Application recovery in Veeam Backup and Replication has always been great. Thanks to their Instant Recovery technology and its ability to power up any VM at any restore point directly from the backup file, it’s possible to have a VM up and running in few minutes without waiting for long restore times.
Depending on the license level, you would then be able to connect to the restored VM and get the data you need (standard license) or use one of the U-AIR recovery wizard to let Veeam do all these processes in the background and give you a simple interface to choose data and restore them (enterprise license).
That said, having to power on an entire Exchange Server, maybe even as a member of a DAG cluster, only to recover one lost email, has always been a bit overkill, and something classic agent-based competitor has always shown as a limit of Veeam.
No more.
Veeam has recently released a beta tool, called Veeam Explorer for Microsoft Exchange. It’s goal? Right what it’s name stands for. The software needs to be installed on a 64 bit versions of Windows 7, Windows Server 2008 or 2008 R2, where also Veeam Backup and Replication is already installed. Other specifications are:
– you can use it only on Exchange 2010 servers
– you need Veeam Backup & Replication 6.1
– works for both VMware vSphere and Microsoft Hyper-V backups
– Extensible Storage Engine (ESE) binaries
– Outlook 2010 x64 on the Veeam server (needed to complete some restore tasks)
You can get ESE binaries directly from an Exchange 2010 installation DVD, simply search for the “ese.dll” file, copy it into the Veeam server and link to it under Veeam Explorer for Exchange options. This is the only file you need.
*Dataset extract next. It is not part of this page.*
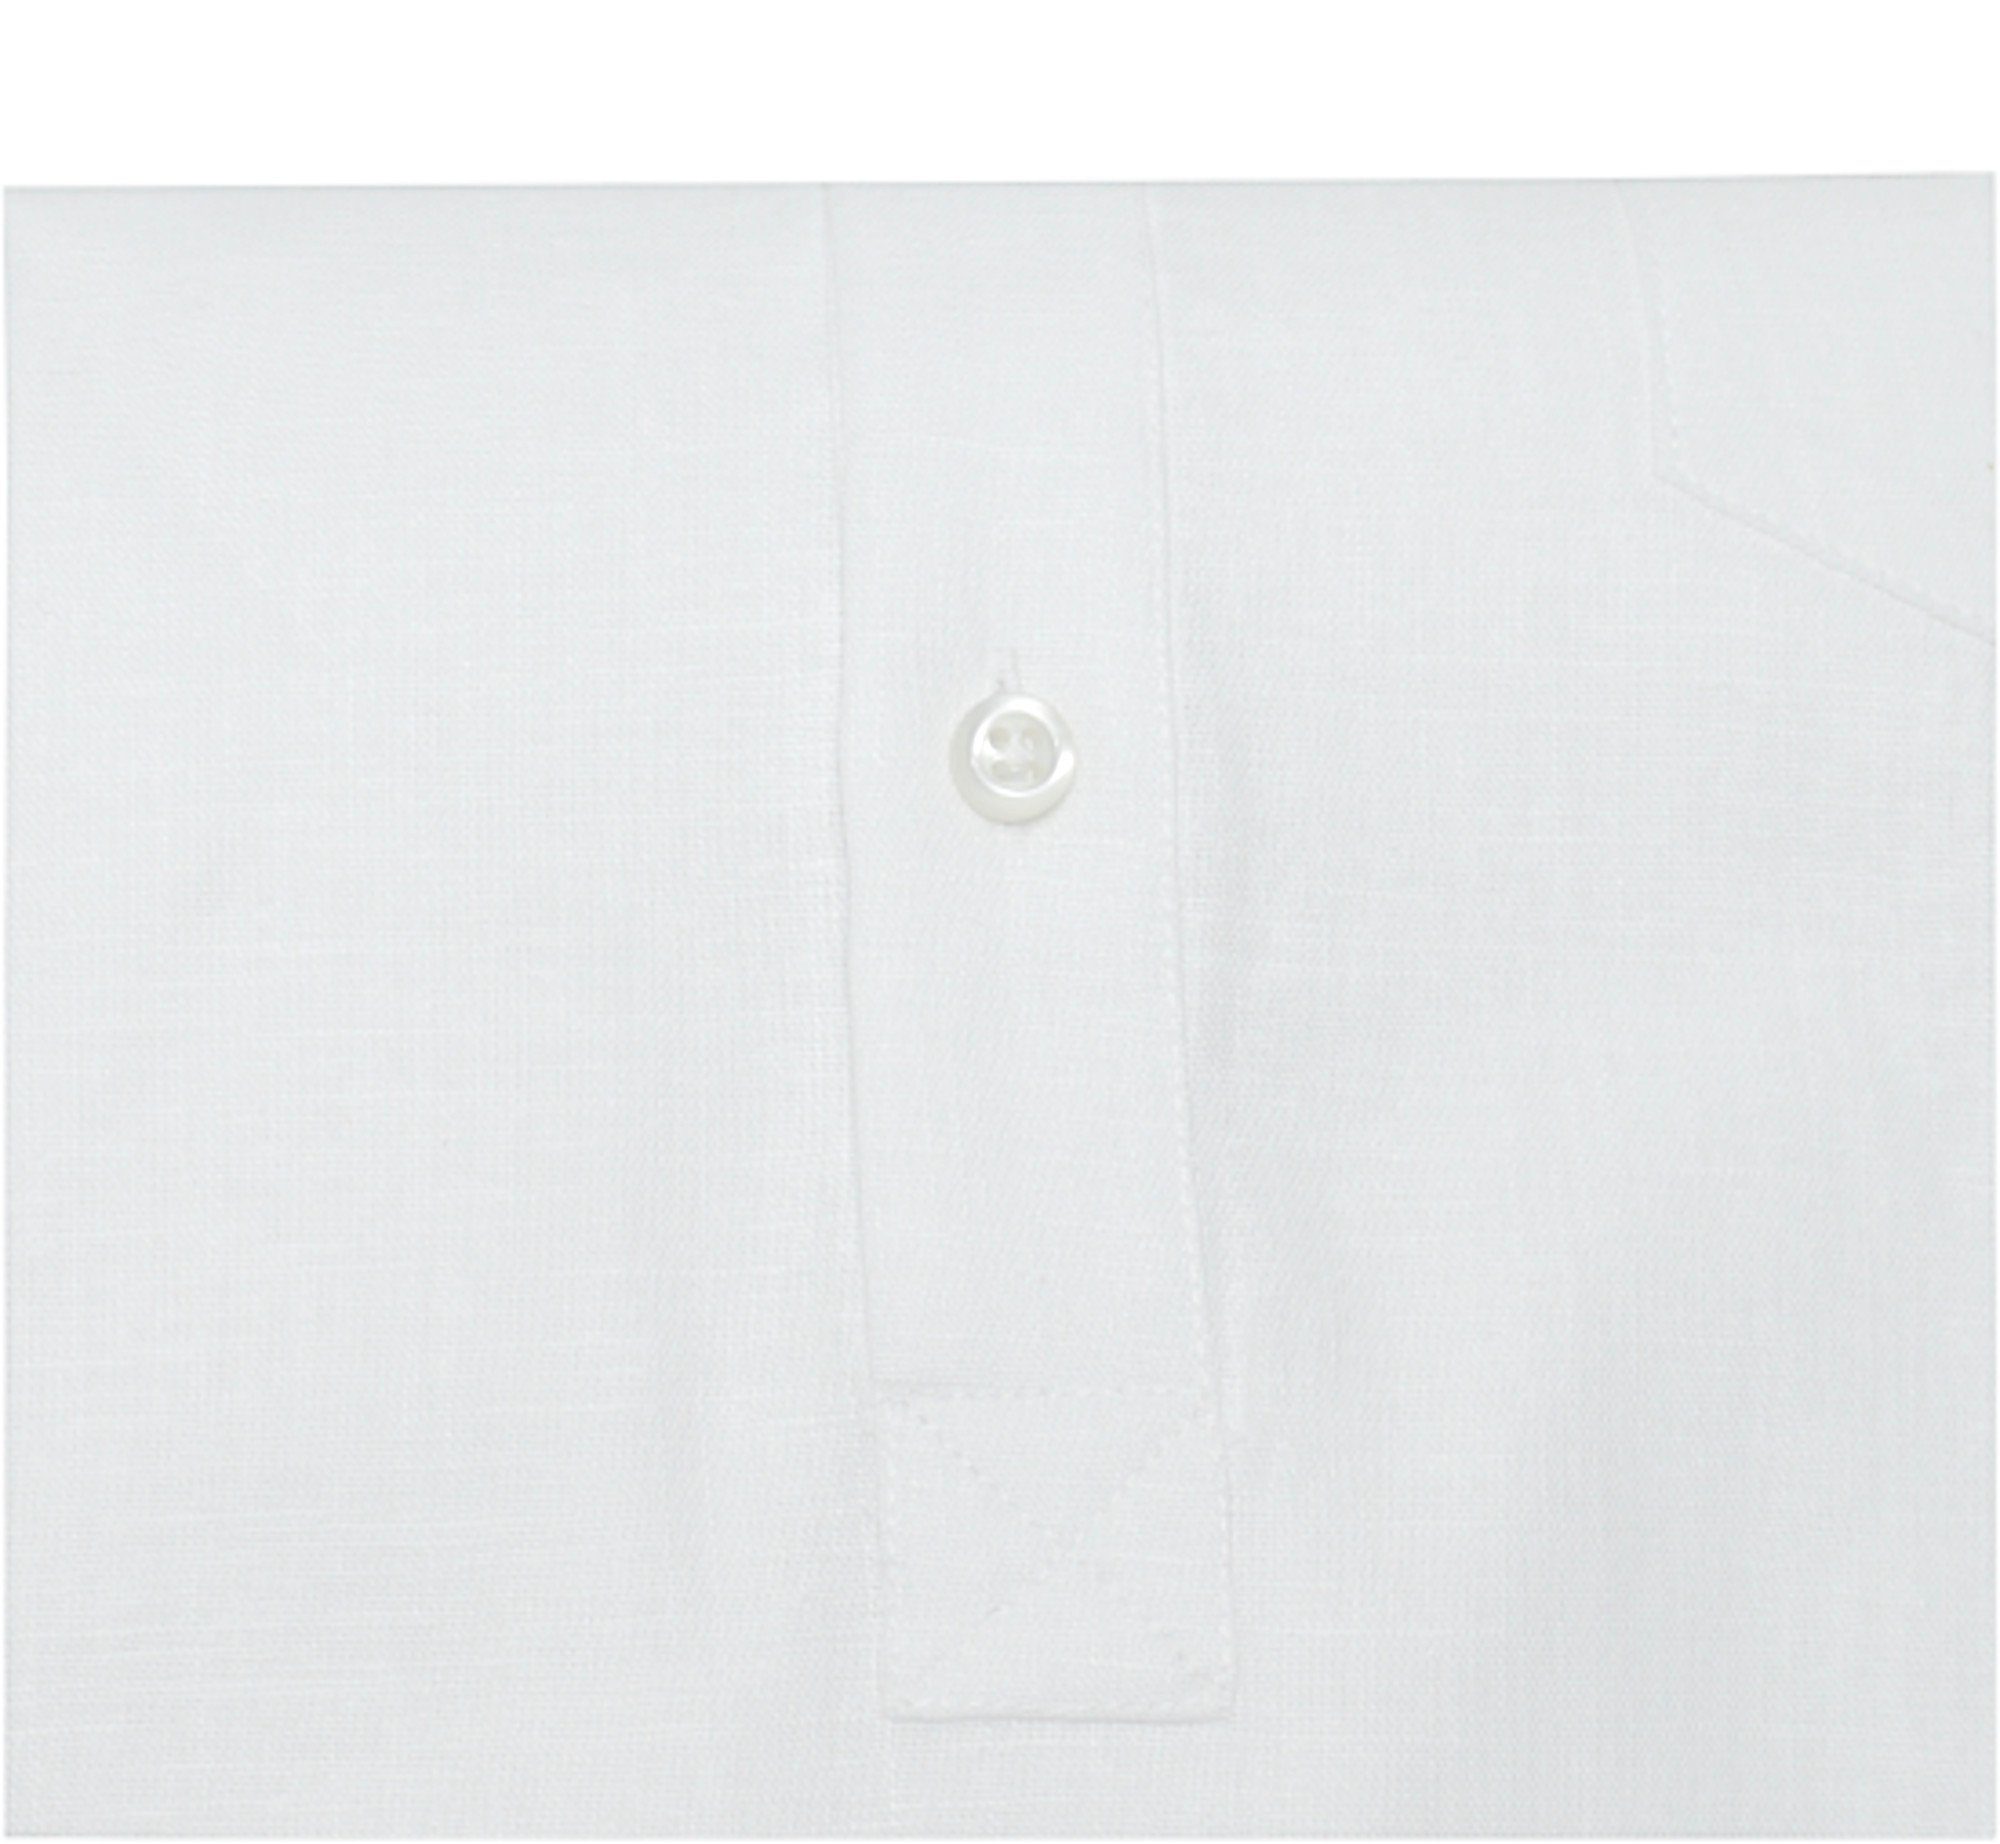 Huber Hemden Leinenhemd HU-0501 Schlupfhemd Stehkragen, EU weiß mit Made Regular in 100% Leinen

Once your setup is ready, first you need to run a File Level Recovery to mount the .EDB database from a backup set and make it visible inside the Veeam Backup server file structure. Then, inside Veeam Explorer you add the new EDB database:
From here, you can simply browse the database looking at the desired mailbox, its inbox, calendar or other elements, and even search for specific items if the mailbox is really large:
Once you find the items you need to restore, you can save them in MSG or PST format, ready to be then imported in the production Exchange server. Or, if you configured SMTP settings inside this tool, send the email directly to the owner’s inbox.
Cool, isn’t it?
And to add more coolness, Veeam already confirmed this tool will be added in the next major release at no additional charge. Think about the price of specialized software or backup add-on to do the same, and you can realize how much money you can save, and have at the same time a way to restore emails with ease and low time consumption.